Tran-Kiem applied the method to 114,298 SARS-CoV-2 genomes collected in Washington state. The patterns of paired sequences were consistent with expectations from mobility data collected from smartphone records.
She also was able to track transmission between age groups, which also was consistent with expectations based on social contact surveys.
But her approach could potentially overcome the limitations of tracking smartphones (not everyone has one) or conducting surveys (memories of previous contacts may be inaccurate or incomplete). It also saves money by reducing the need for phone and survey data, which is costly to collect.
As predicted, her method showed that adjacent counties were more likely to be linked by identical pairs of sequences than regions that are further apart, except for adjacent counties separated by the Cascade Mountain Range. Also as expected, transmission generally flowed from Western to Eastern Washington.
Some data didn’t match expectations, however.
For example, Tran-Kiem and her colleagues found two counties that shared many more pairs of identical sequences than they should have based on their geography.
They realized that what they were seeing in the genomic data was transmission between male prisons. They discussed their results with epidemiologists and physicians working with the Washington State Department of Corrections.
They said that certain policies and procedures regarding the transfer of prisoners and staff between prisons could explain patterns that did not show up in conventional mobility data. The state has only two women’s prisons, which are in adjacent counties and didn’t stand out.

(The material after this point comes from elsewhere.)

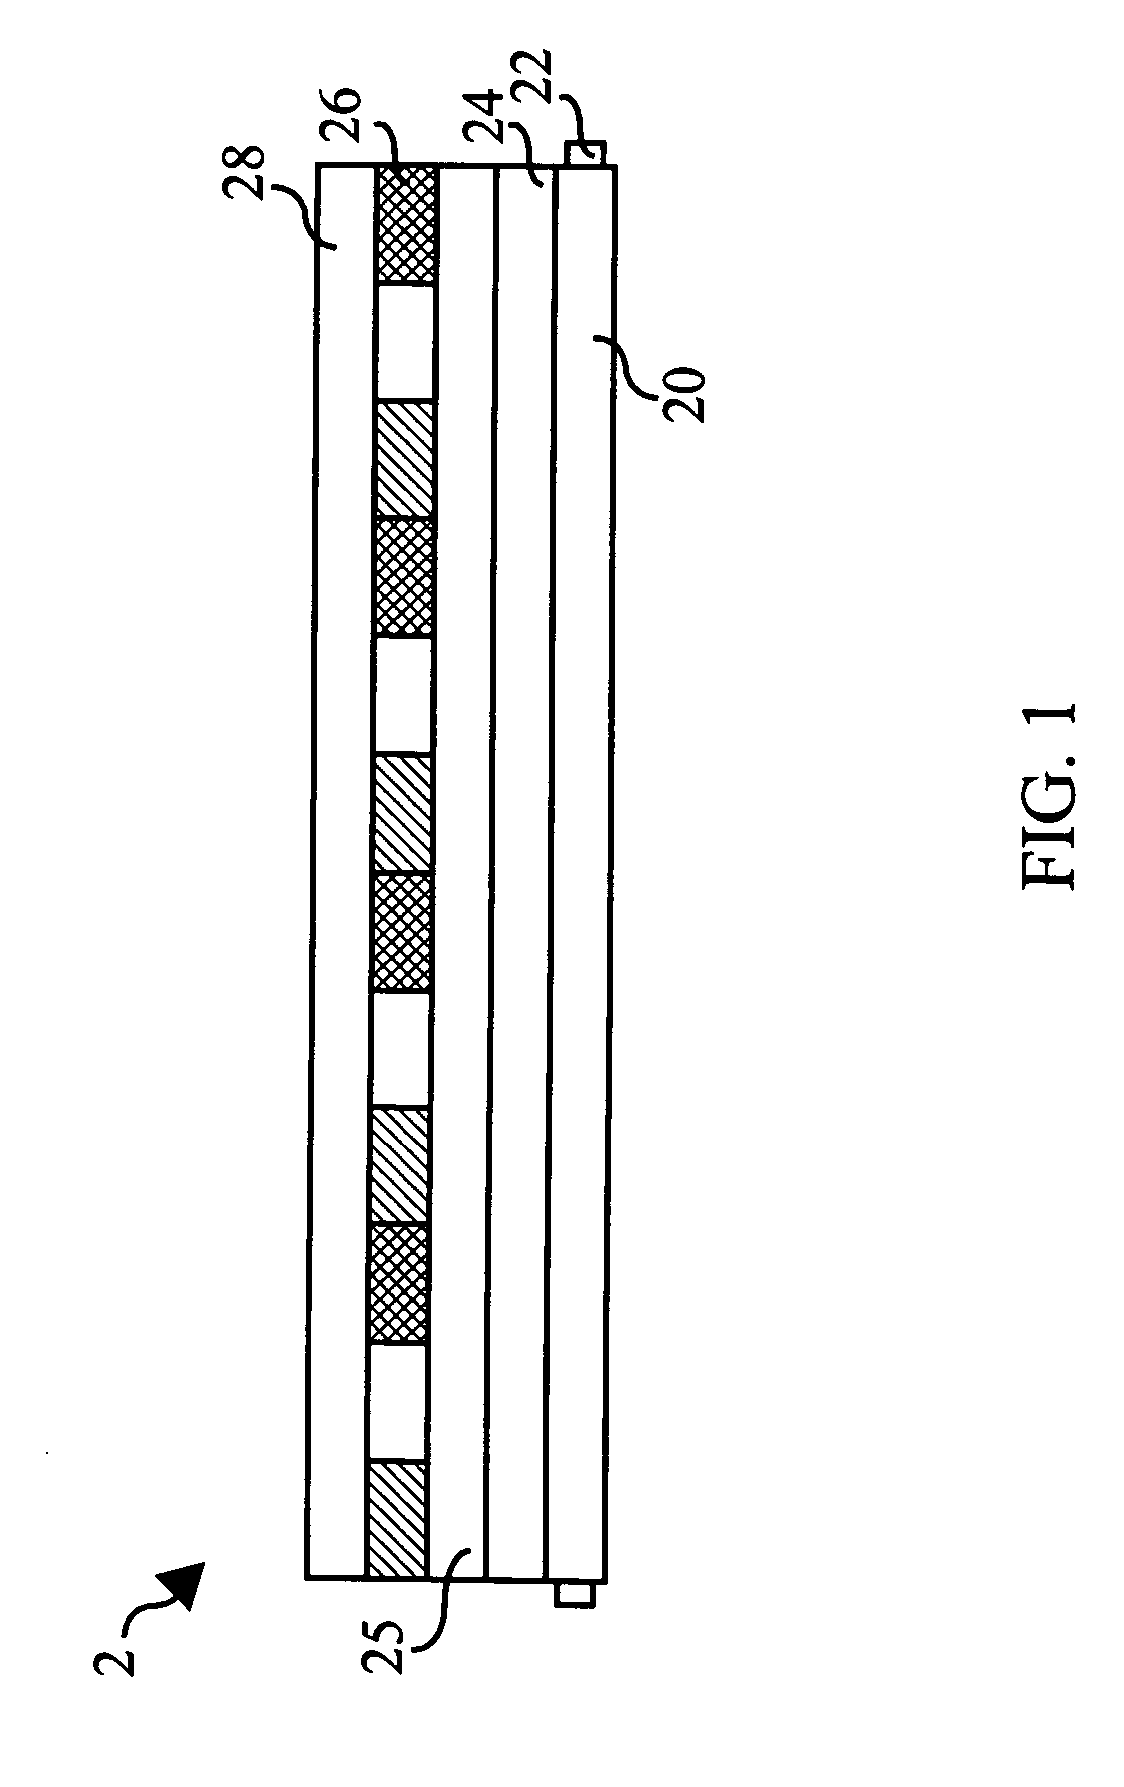 Display module using blue-ray or ultraviolet-ray light sources

By analyzing the timing of sequence collection, she also could use the method to better understand transmission between age groups and provide some context to the highly debated role played by young children during the pandemic.
Young kids are notorious germ-factories who spread colds to classmates and bring them home from school, so initially it was not unreasonable to think they might also play a big role in transmitting COVID-19.
But while it is possible for young children to transmit the virus to adults, that’s not usually how the virus spread in Washington state.
During the alpha and delta variant waves, she found that children ages 0 to 9 could have been a source of infection for the elderly, but not younger adults.
But that pattern disappeared during the omicron wave and overall, she found no indication that young school age children were a major source of transmission in Washington state, even after schools reopened.
“We know for sure they did infect adults, we’re just saying that overall, when there was transmission between children and adults, it didn’t tend to be the kids who infected the adults. It rather tended to be in the other direction.”
Information like that — which is more precise than data about where someone’s phone has been or who they remember being around before they got sick — could be useful in the future when policymakers must make decisions about whether to close schools and for how long.